An intermediate sum, in the form of two rows of digits, is produced. The answer is obtained by taking the sum of the intermediate results with an L-shaped algorithm. As a final step, the checking method that is advocated removes both the risk of repeating any original errors and allows the precise column in which an error occurs to be identified at once.
It is based on a check or digit sums, such as the nines-remainder method. For the procedure to be effective, the different operations used in each stage must be kept distinct, otherwise there is a risk of interference. The answer must be found one digit at a time starting at the least significant digit and moving left. The last calculation is on the leading zero of the multiplicand.
The Trachtenberg Speed System of Basic Mathematics by Jakow Trachtenberg
Each digit has a neighbori. The rightmost digit’s neighbor is the trailing zero. The ‘halve’ operation has a particular meaning to the Trachtenberg system. It is intended tracutenberg mean “half the digit, rounded down” but for speed reasons people following the Trachtenberg system are encouraged to make this halving process instantaneous.
So instead of thinking “half of seven is three and a half, so three” it’s suggested that one thinks “seven, three”. This speeds up calculation considerably.
In this same way the tables for subtracting digits from 10 or 9 are to be memorized.
And whenever the rule calls for adding half of the neighbor, always add 5 if the current digit is odd. This makes up for dropping 0. For jalow 9, 8, 4, and 3 only the first digit is subtracted from After that each digit is subtracted from nine instead.
Starting from the rightmost digit, double each digit and add jkow neighbor. The “neighbor” is the digit on the right. If the answer is greater than a single digit, simply carry over the extra digit which will be a 1 or 2 to the next operation. The remaining digit is one digit of the final result. The American film Gifted revolves around a child prodigy who at the age of 7 impresses her teacher by doing calculations in her head using the Trachtenberg system. There are many other methods of calculation in mental mathematics.
The list below shows a few other methods of calculating, though they may not be entirely mental.
From Wikipedia, the free encyclopedia. This section’s use of external links may not follow Wikipedia’s policies or guidelines. Please improve this article by removing excessive or inappropriate external links, and converting useful links where appropriate into footnote references.
May Learn how and when to remove this template message. Doubleday and Company, Inc. The original book has seven full Trachtenbwrg and is pages long. The chapter titles are as follows. The numerous sub-categories in each chapter are not listed.

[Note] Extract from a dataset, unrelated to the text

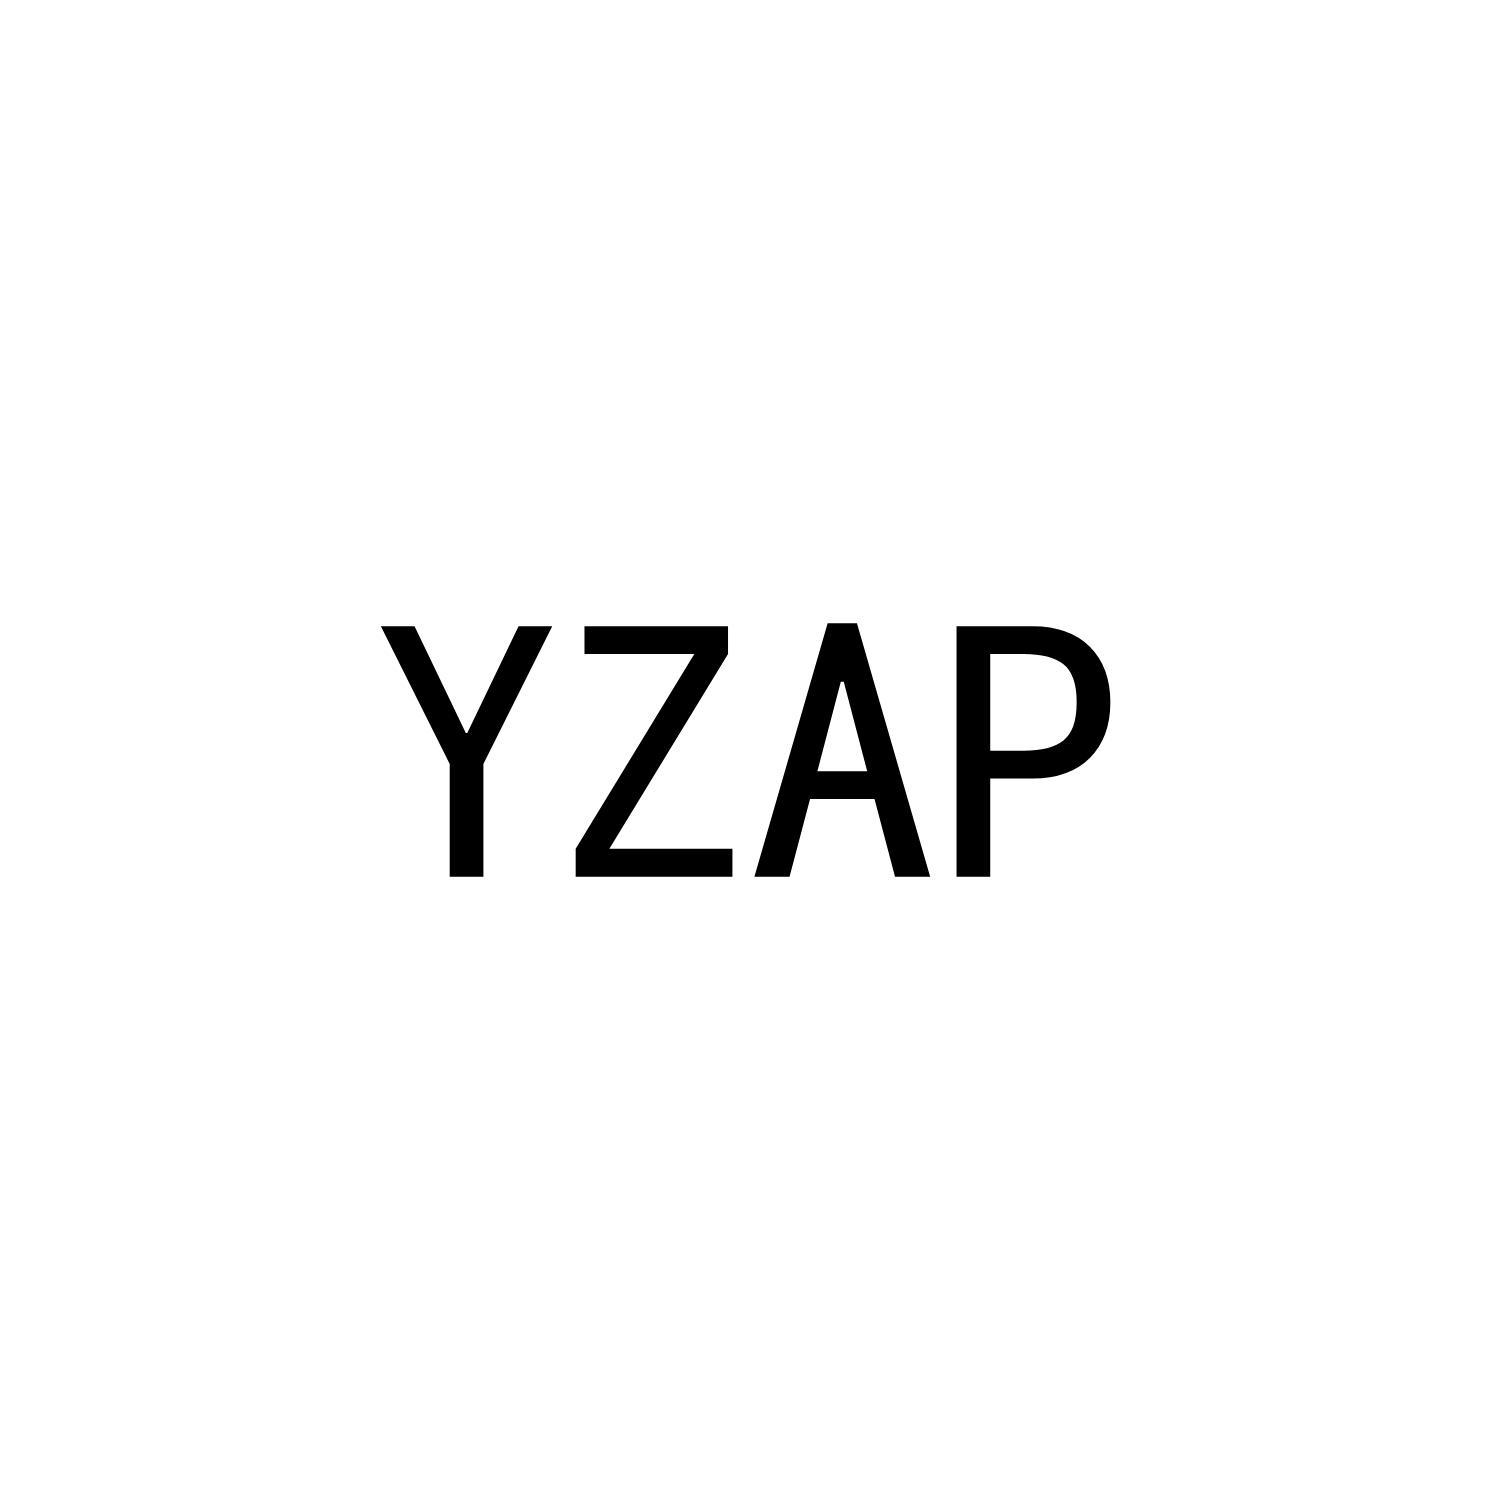 YZAP

Professor Trachtenberg fled to Germany when the czarist regime was overthrown jakoww his homeland, Russia, and lived there peacefully trachtenebrg his mid-thirties when his anti-Hitler attitudes forced him to flee again.
He was a fugitive and when captured spent a total of seven years in various concentration camps. It was during these years that Professor Trachtenberg devised the system of speed mathematics. Most of his work was done without pen or paper. Therefore most of the techniques can be performed mentally.